== SOURCE DATA ==
=== Begin Enclosure ===

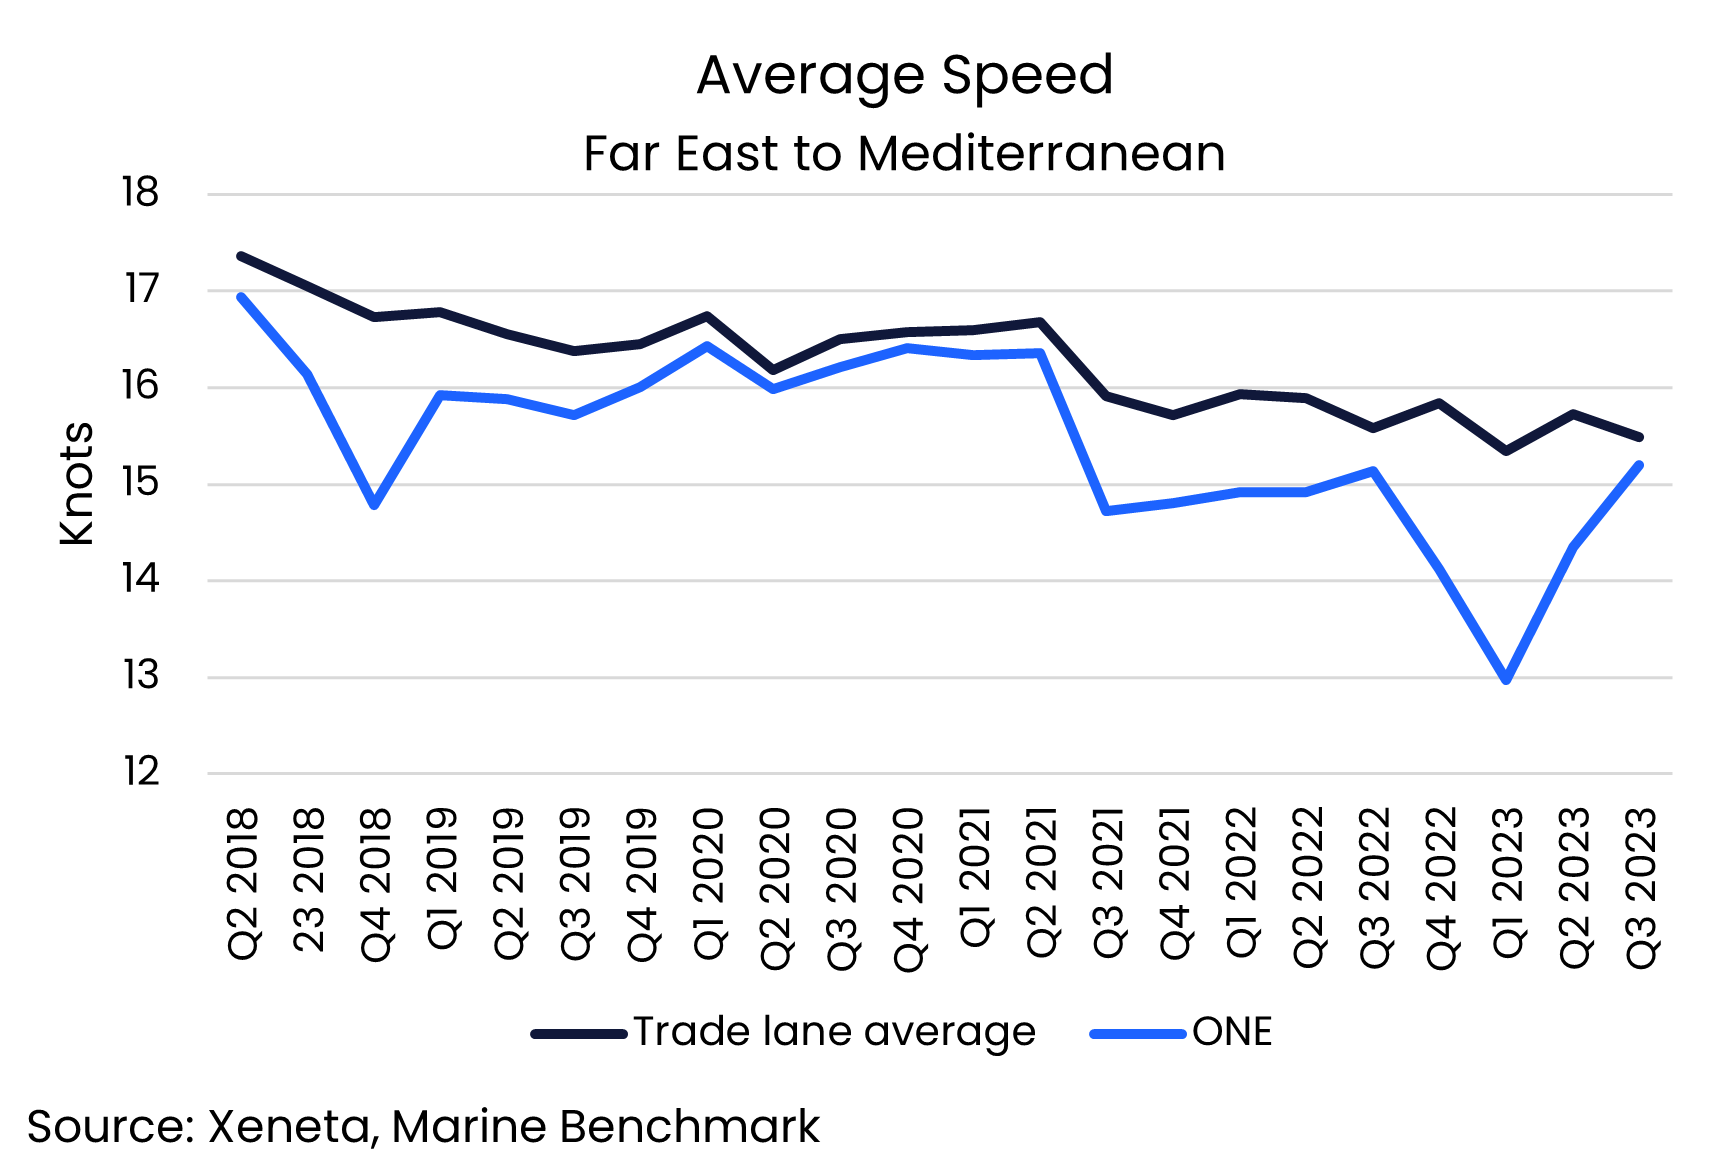 Far East to Mediterranean | Average Speed of container ship
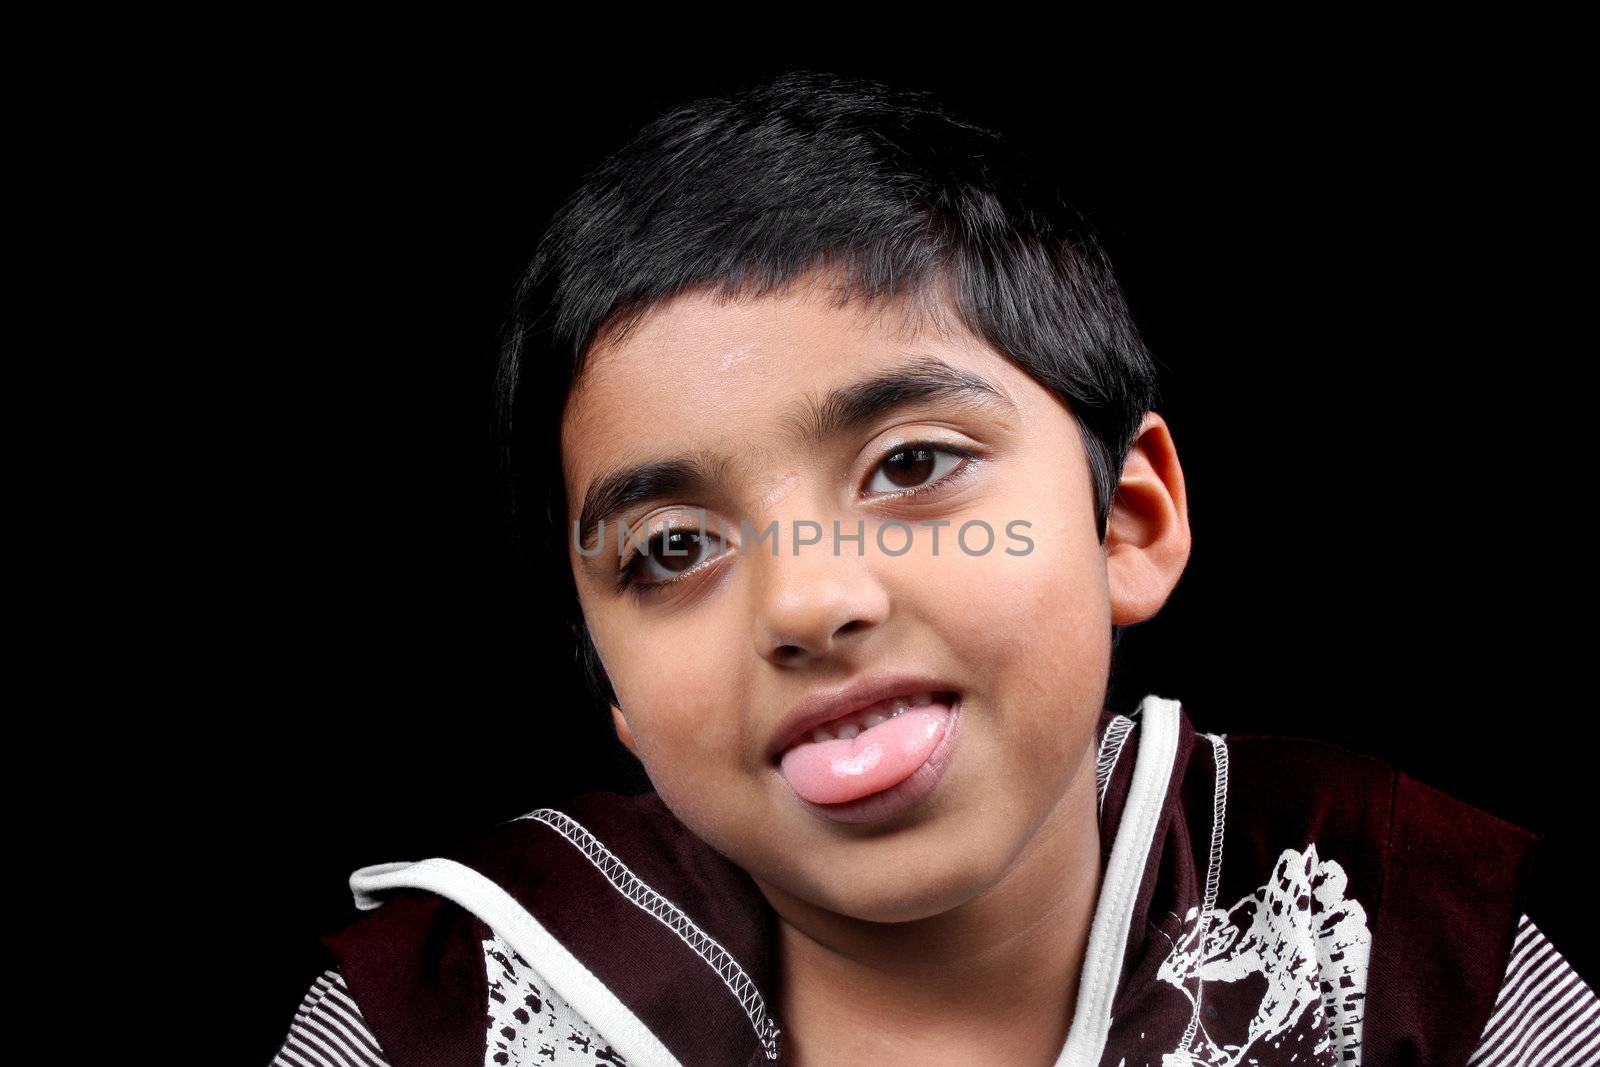 A portrait of a cute Indian boy teasing, sticking his tongue out, on black studio background.
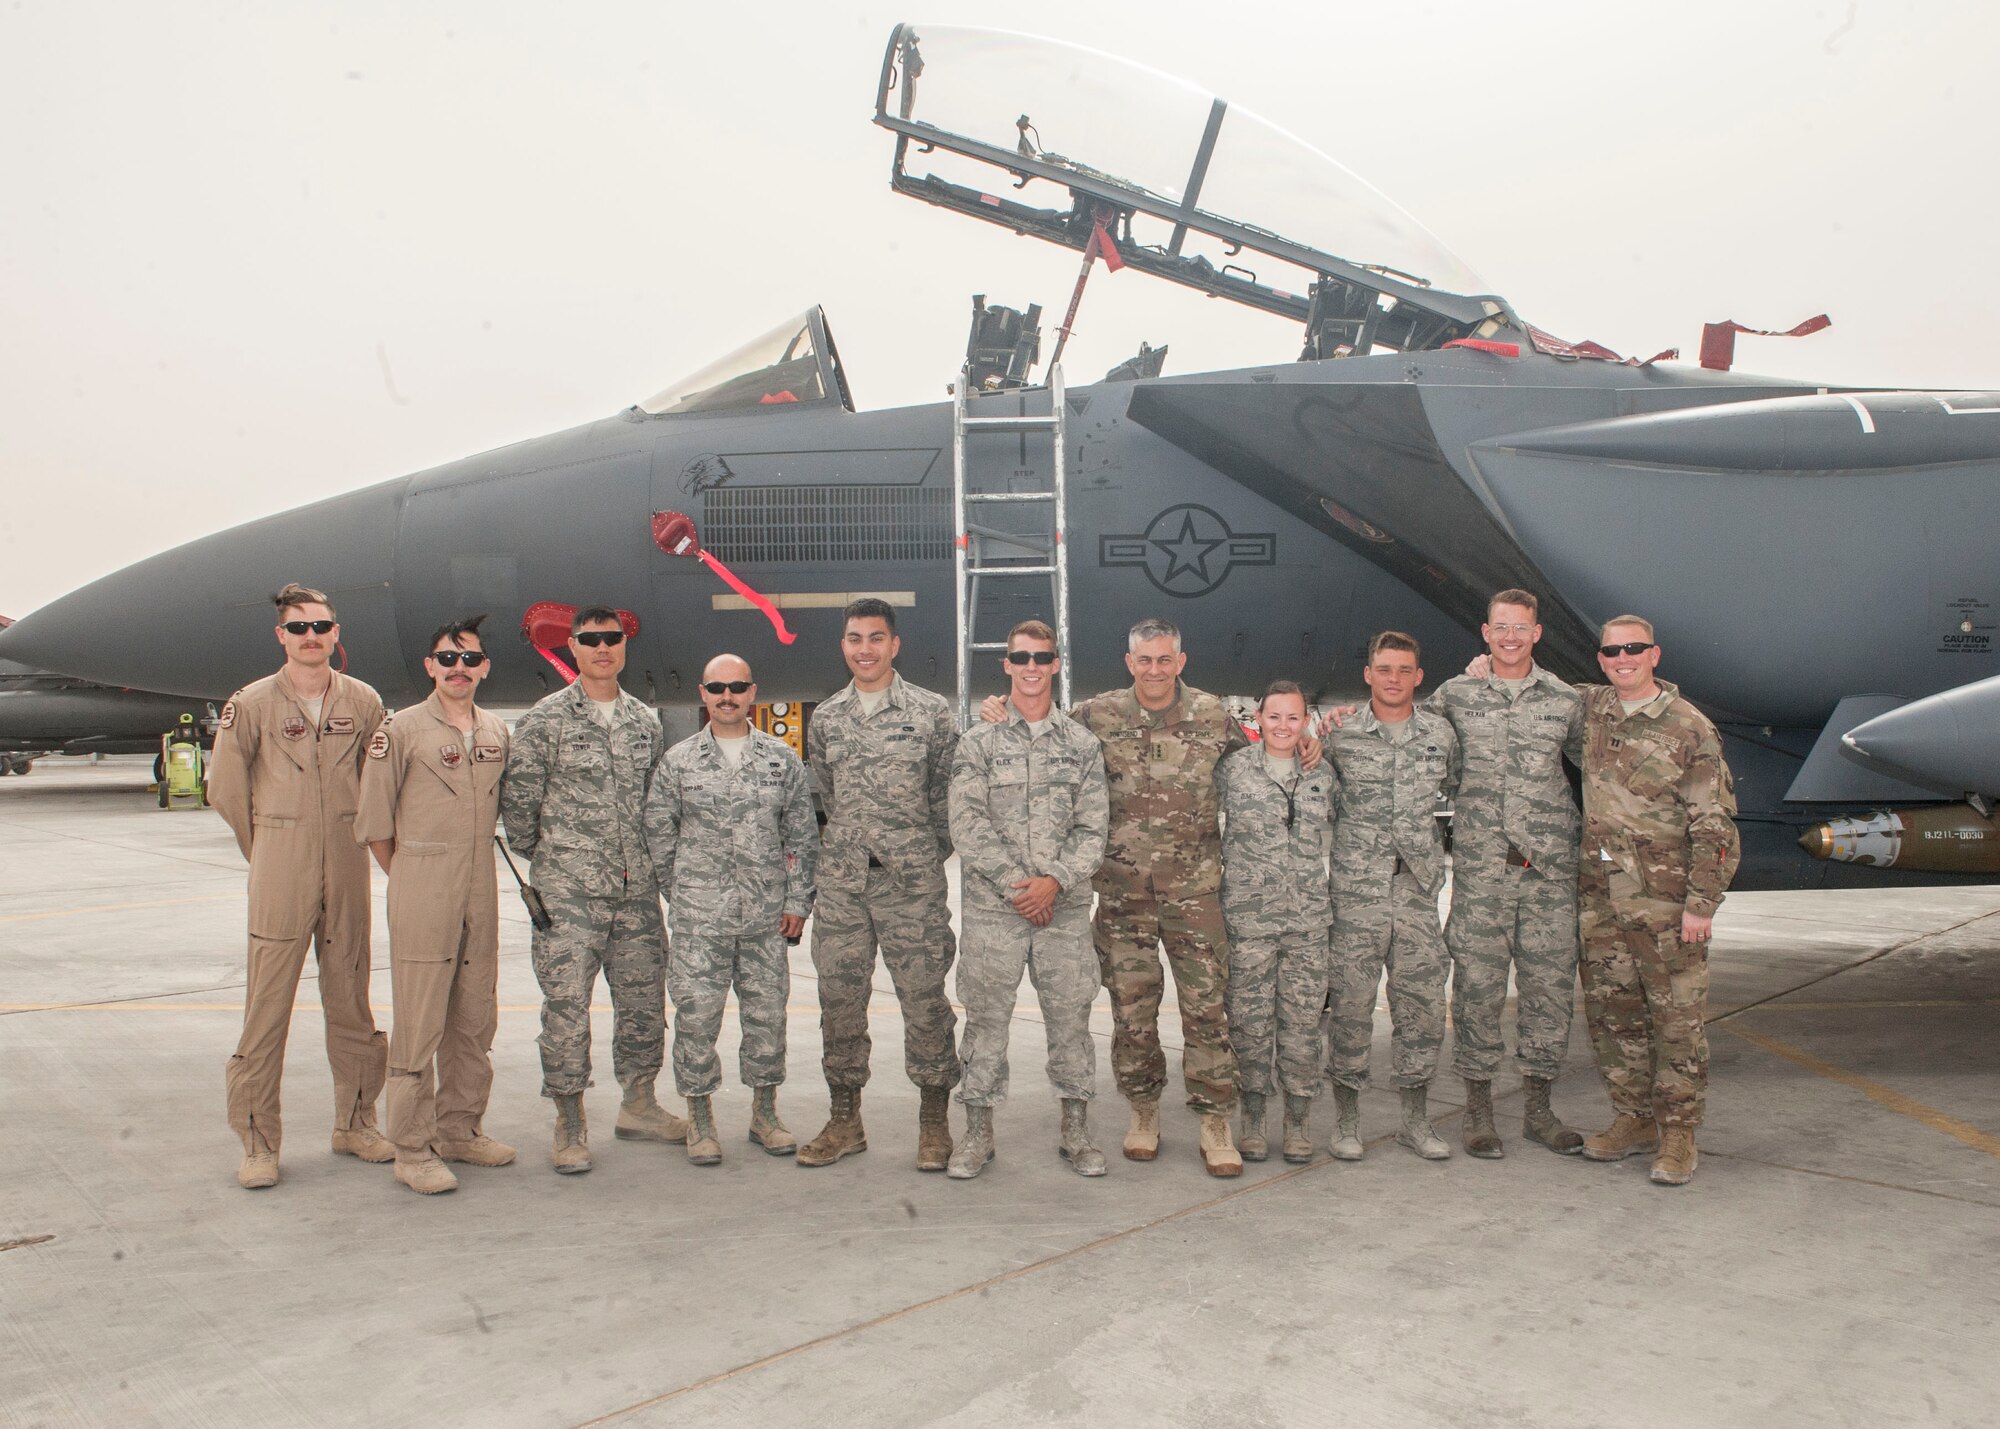 U.S. Army Lt. Gen. Stephen Townsend, Combined Joint Task Force – Operation Inherent Resolve commanding general, poses for a photo with Airmen deployed to the 332nd Air Expeditionary Wing April 5, 2017, in Southwest Asia. The general visited Airmen and Soldiers thanking them for their contribution to the mission. (U.S. Air Force photo by Tech Sgt. Eboni Reams)
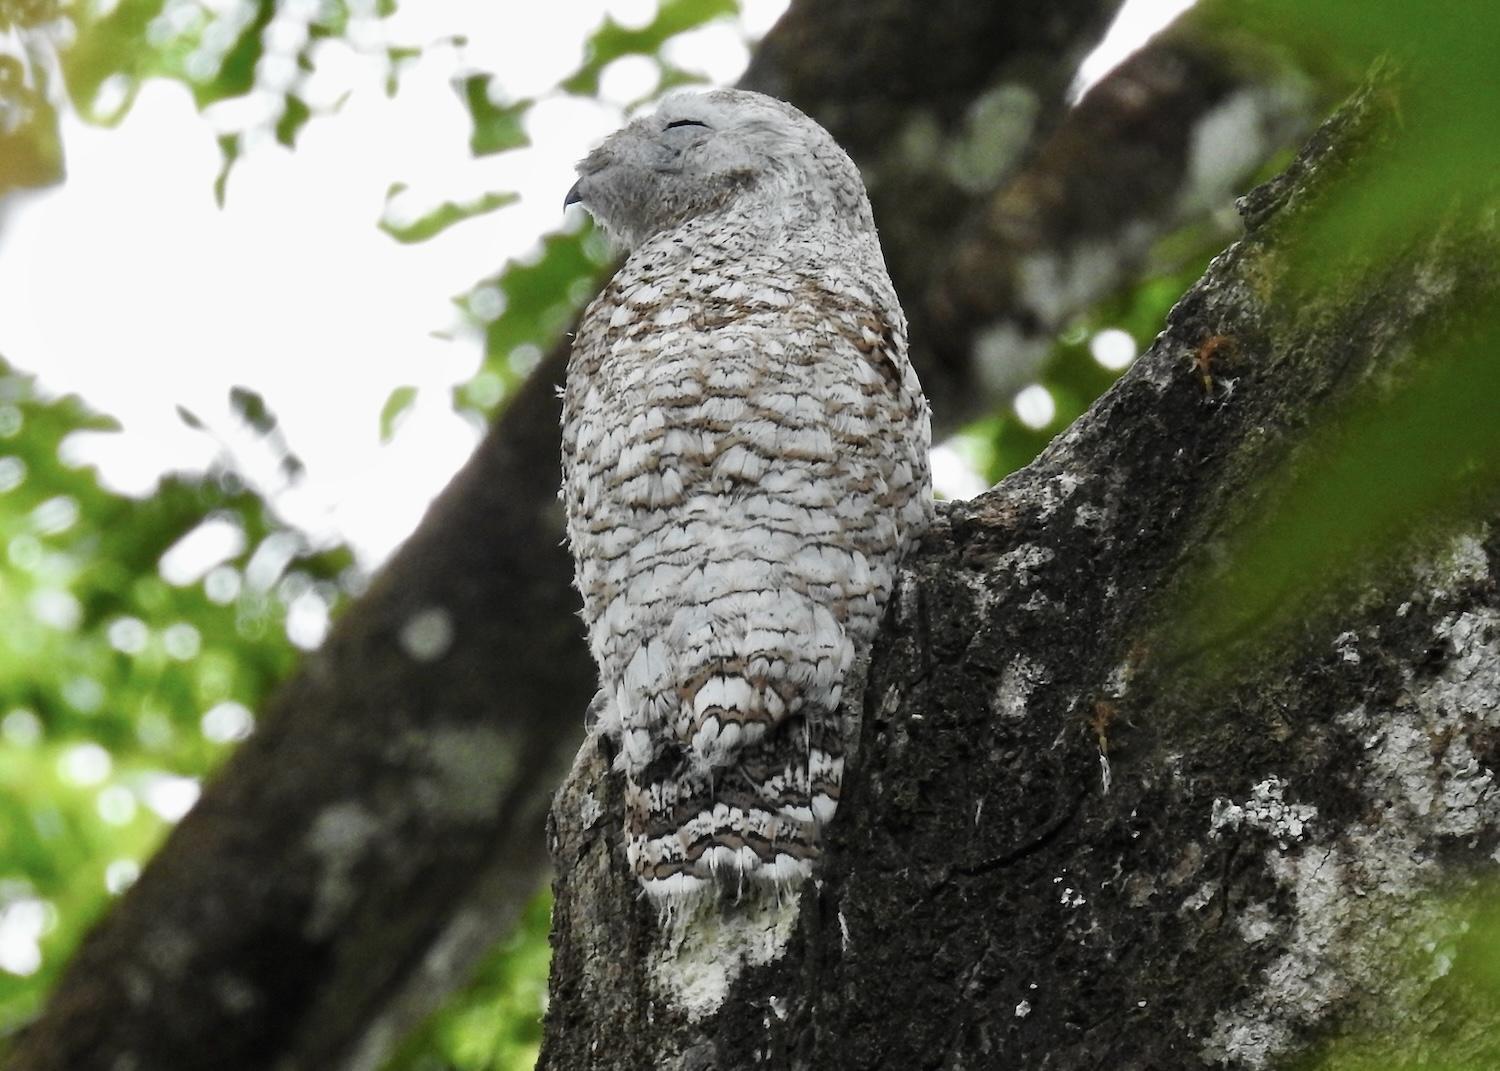 It seems odd to see a Snowy owl in steamy Costa Rica, but this one was spotted near the Caño Negro Wildlife Refuge.

=== End Enclosure ===

== TASK GOAL ==
Would you print the listing above in full, exactly, but with no pictures?

== EXERCISE RESPONSE ==
 Far East to Mediterranean | Average Speed of container ship
 A portrait of a cute Indian boy teasing, sticking his tongue out, on black studio background.
 U.S. Army Lt. Gen. Stephen Townsend, Combined Joint Task Force – Operation Inherent Resolve commanding general, poses for a photo with Airmen deployed to the 332nd Air Expeditionary Wing April 5, 2017, in Southwest Asia. The general visited Airmen and Soldiers thanking them for their contribution to the mission. (U.S. Air Force photo by Tech Sgt. Eboni Reams)
 It seems odd to see a Snowy owl in steamy Costa Rica, but this one was spotted near the Caño Negro Wildlife Refuge.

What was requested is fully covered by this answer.